◆ **PROBLEM DETAILS**: Repeat the data in full and exactly. Leave the pictures out.

◆ **DATA EXTRACT**:
☆ ☆ ☆ ☆ ☆ ☆ ☆
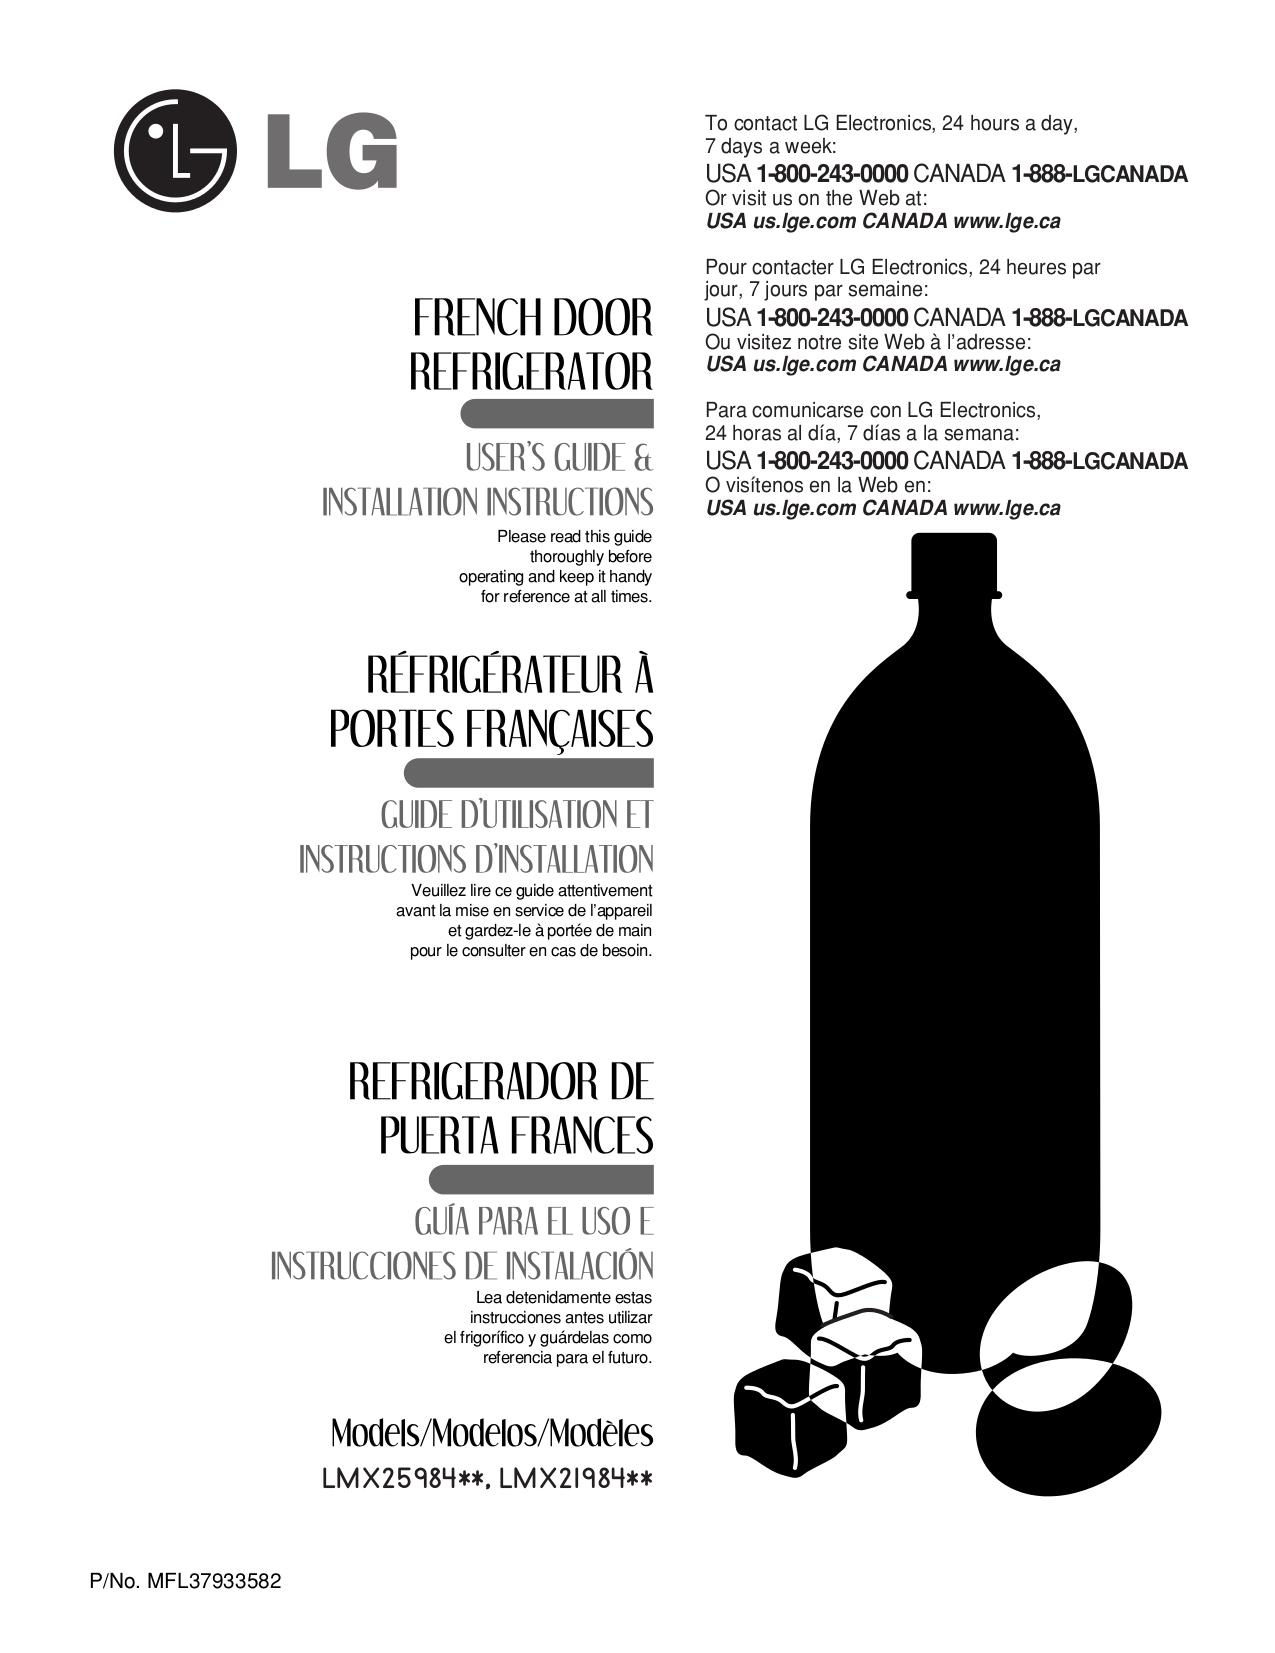 pdf for LG Refrigerator LMX25984 manual
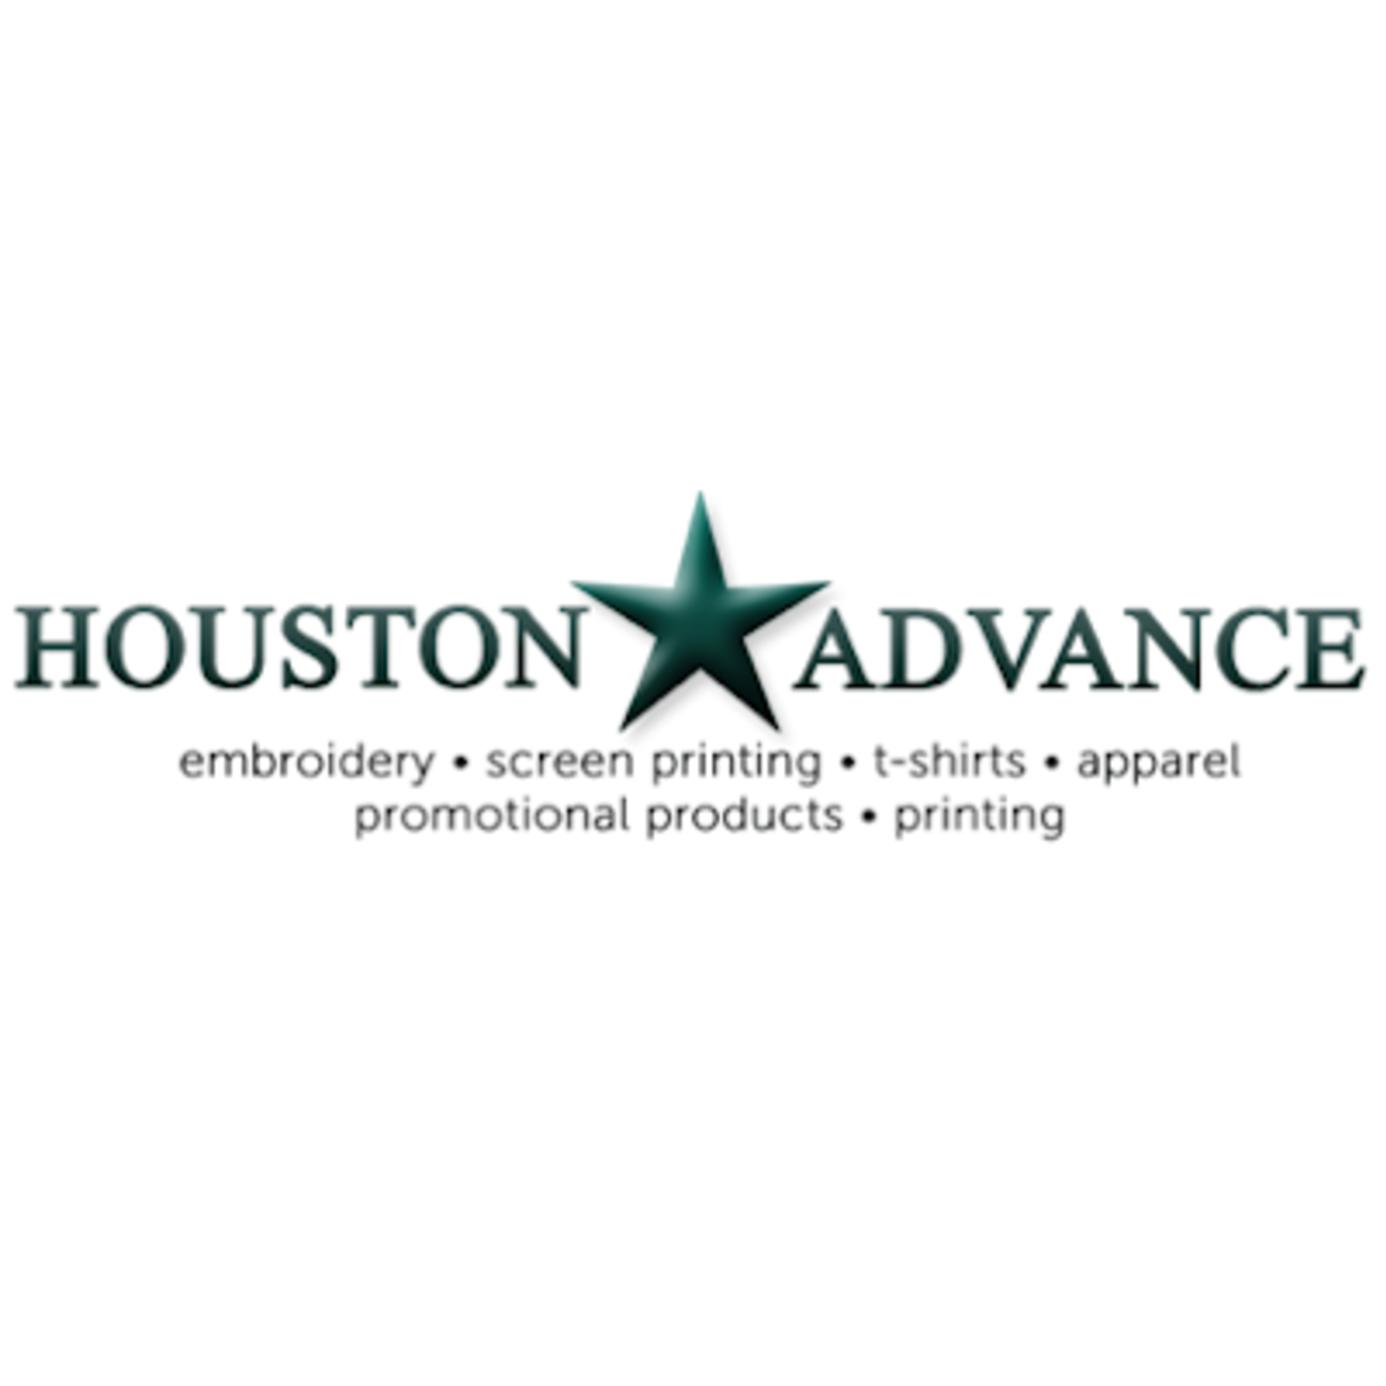 Houston Advance - Houston, TX - Advertising Agencies & Public Relations
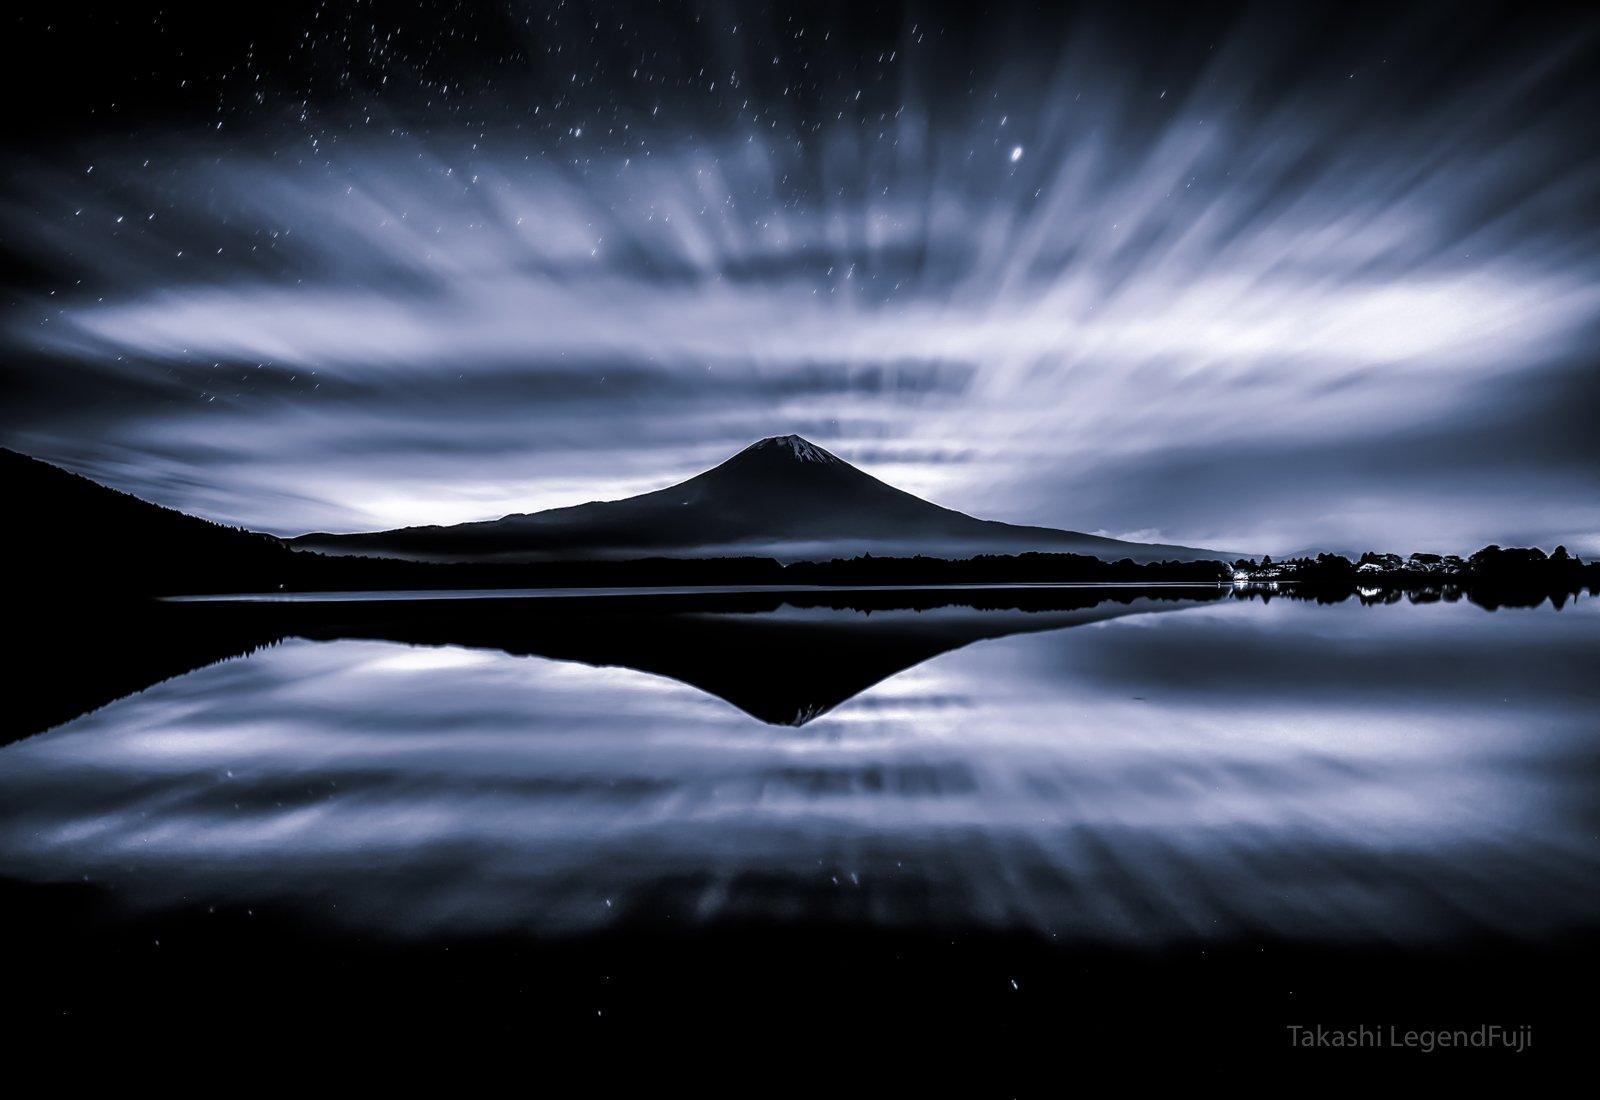 Fuji,mountain,Japan,lake,reflection,cloud,star,night,calm,beautiful,landscapes,, Takashi
☆ ☆ ☆ ☆ ☆ ☆ ☆
◆ **TASK SOLUTION**:
 pdf for LG Refrigerator LMX25984 manual
 Houston Advance - Houston, TX - Advertising Agencies & Public Relations
 Fuji,mountain,Japan,lake,reflection,cloud,star,night,calm,beautiful,landscapes,, Takashi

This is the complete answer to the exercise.